7. A polyethylene naphthalate fiber of claim 6, wherein the knot strength
retention ratio is 70% or more when the fiber has been subjected to a wet
heat treatment at 140.degree. C. for 60 hr.
Description
TECHNICAL FIELD
The present invention relates to a polyethylene naphthalate fiber. More
specifically, it relates to a polyethylene naphthalate fiber capable of
exhibiting excellent durability even when used under conditions where the
fiber is subjected to a wet heat treatment or a dry heat treatment and,
for example, useful as a material for an industrial application such as a
dryer canvas for papermaking.
BACKGROUND ART
Heretofore, polyester fibers have been used in various applications due to
their excellent properties. But, polyester fibers for industrial
applications are often used under severe conditions of high temperature
and high humidity from the properties of their applications, and their
properties are not satisfactory.
Polyester fibers, especially, for a dryer canvas which is used in a drying
process in papermaking, a steel washing blush or the like are required to
have sufficient durability for the long use under high temperature and
high humidity. However, polyester fibers have had problems, namely in a
high-temperature atmosphere in the presence of water, polyesters,
especially polyethylene terephthalate, are apt to decompose, and
accordingly to lower the degrees of polymerization to weaken a breaking
strength, a knot strength and the like of the fibers, and they can not be
used for a long time under high temperature and high humidity.
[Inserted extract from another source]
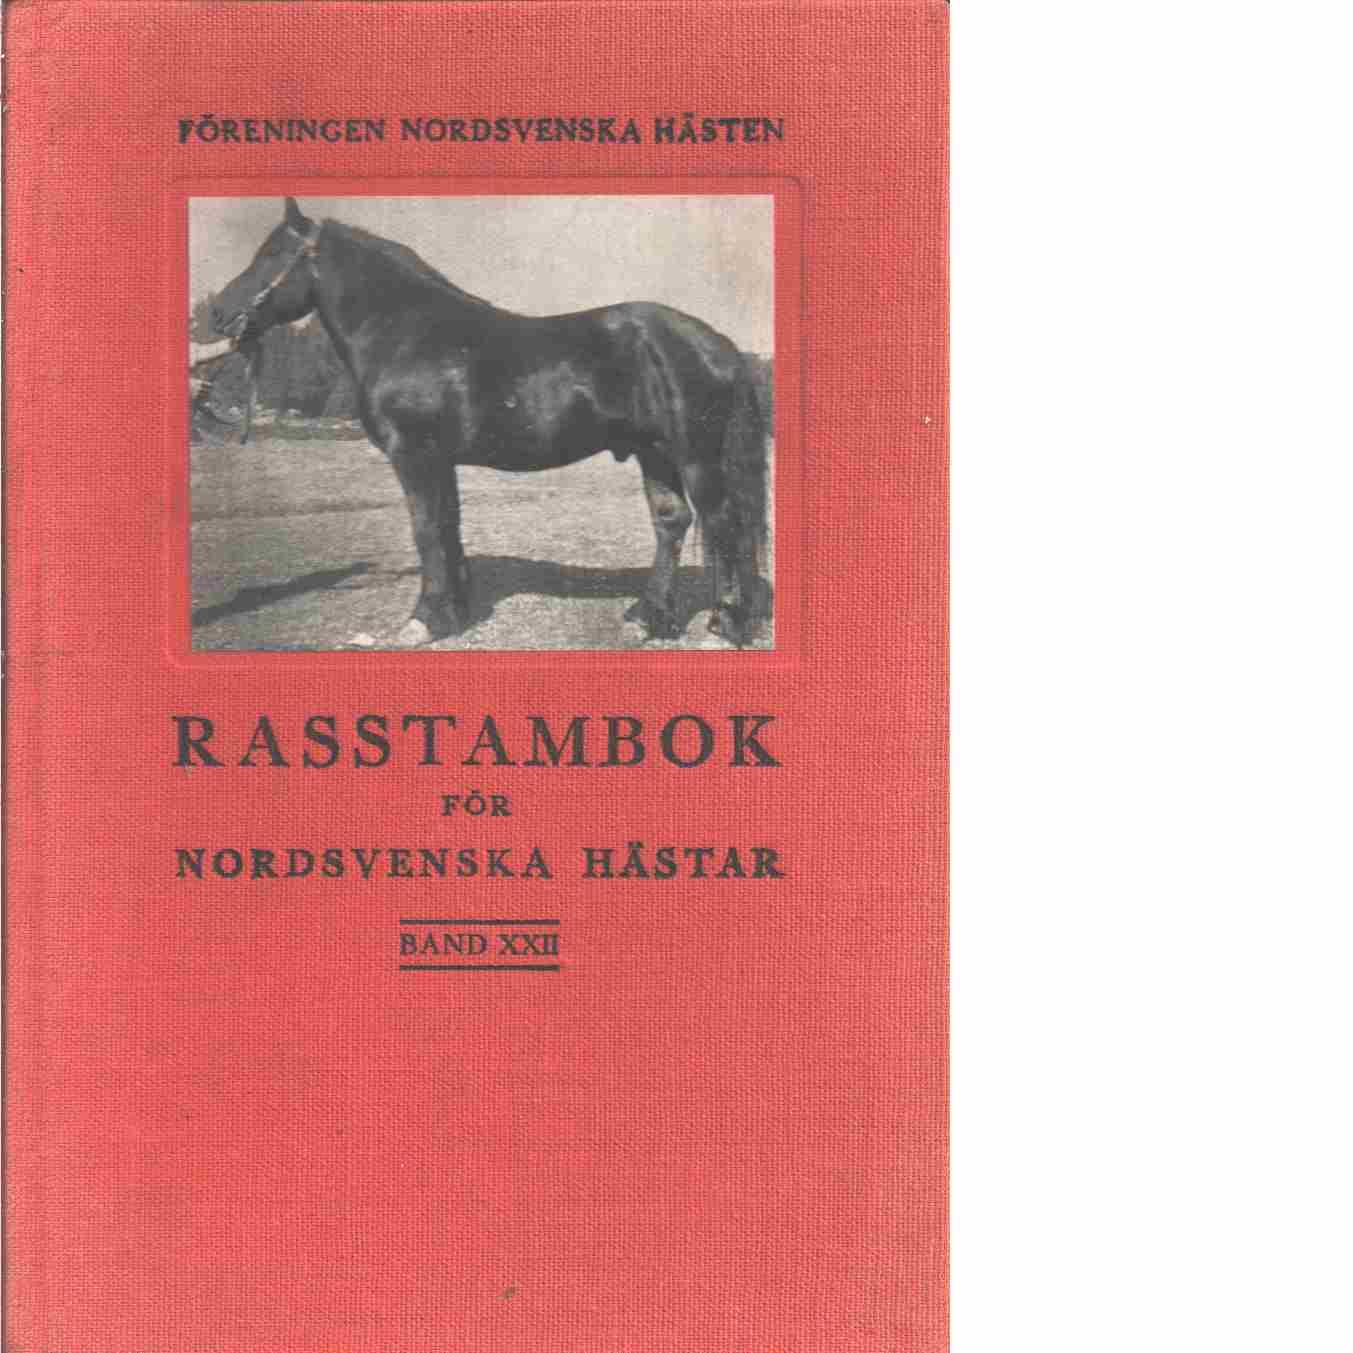 Rasstambok för nordsvenska hästar.  Band XXII - Red. Föreningen Nordsvenska hästen

In order to solve these problems, various methods have been studied. For
example, Japanese Examined Patent Publication No. 47-15104 proposes a
process wherein the concentration of carboxyl terminal groups of
polyethylene terephthalate is lowered by adding a combination of a copper
salt of a carboxylic acid and a reductive anion. However, this process has
such a disadvantageous point that when the above-mentioned stabilizer is
added, the polyester is colored in an unfavorable color tone, and further,
sufficient durability is not always obtained under severe conditions of
high temperature and high humidity.
On the other hand, it is widely known that the use of polyethylene
naphthalate, which has naphthalene rings in the molecular skeleton, in
stead of polyethylene terephthalate can improve the durability of the
fiber.
For example, there are Japanese Examined Patent Publication No. 47-49769,
Japanese Examined Patent Publication No. 47-49770, Japanese Examined
Patent Publication No. 56-42682, Japanese Unexamined Patent Publication
No. 4-100914 and Japanese Unexamined Patent Publication No. 4-194021
regarding polyethylene 2,6-naphthalate fiber, and they describe that
polyethylene naphthalate fibers having excellent mechanical properties and
thermal stability are produced by specifying the conditions of melt
spinning of polyethylene 2,6-naphthalate.
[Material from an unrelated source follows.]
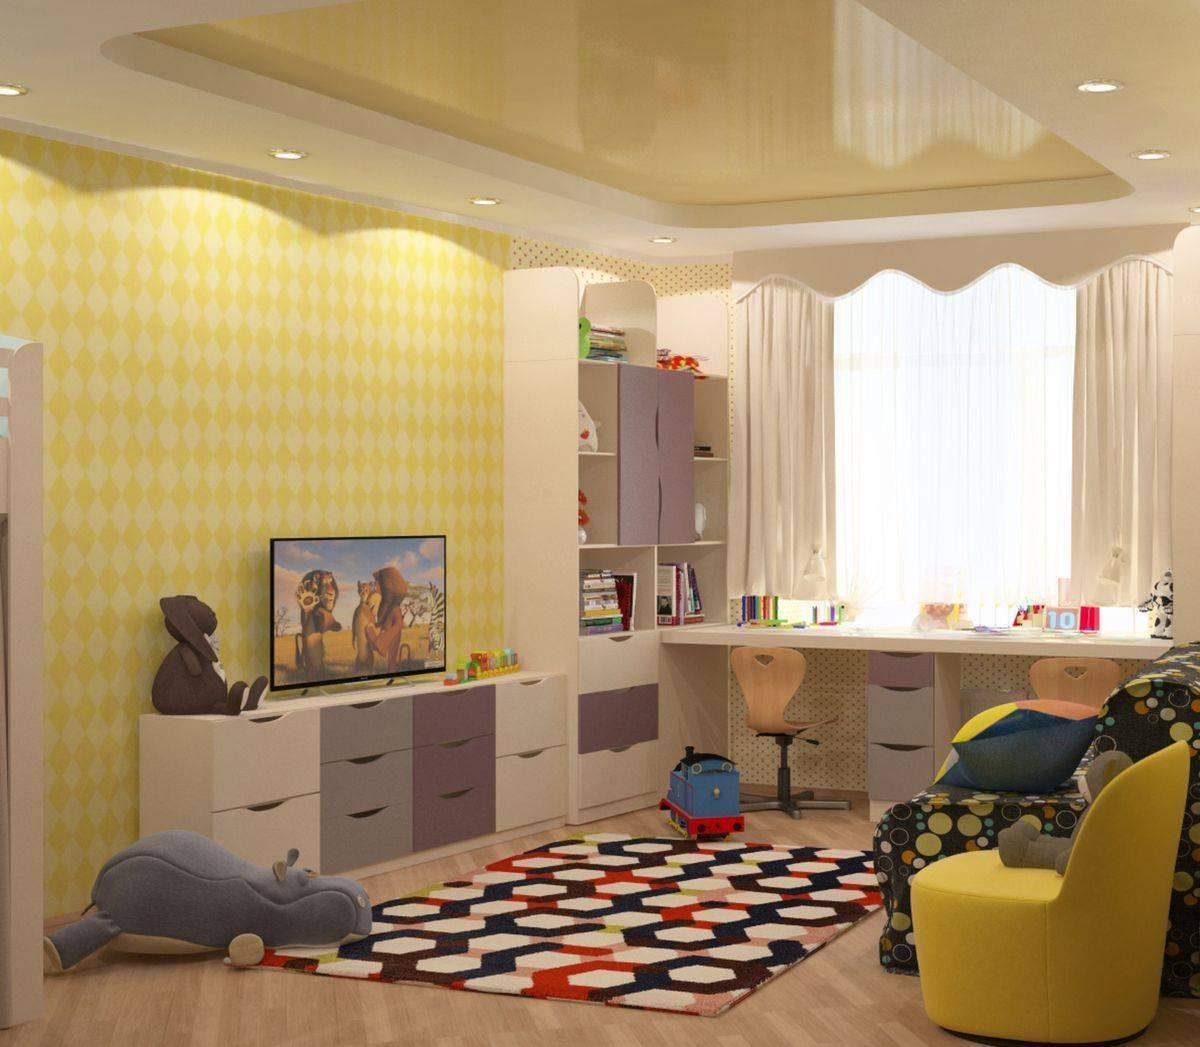 Детская комната 5 кв. м: 30 реальных фото и советы по дизайну

It is known that the polyethylene 2,6-naphthalate fiber can have a higher
elastic modulus and tensile strength than the polyethylene terephthalate
fiber, which is used widely conventionally, and the polyethylene
2,6-naphthalate fiber is good in resistance to wet heat because it has a
high glass transition temperature. As a method for further improving the
resistance to wet heat, for example, Japanese Unexamined Patent
Publication No. 50-95517, Japanese Unexamined Patent Publication No.
56-85704 and the like disclose methods for reducing concentrations of
carboxyl terminal groups of polyesters by adding a carbodiimide compound.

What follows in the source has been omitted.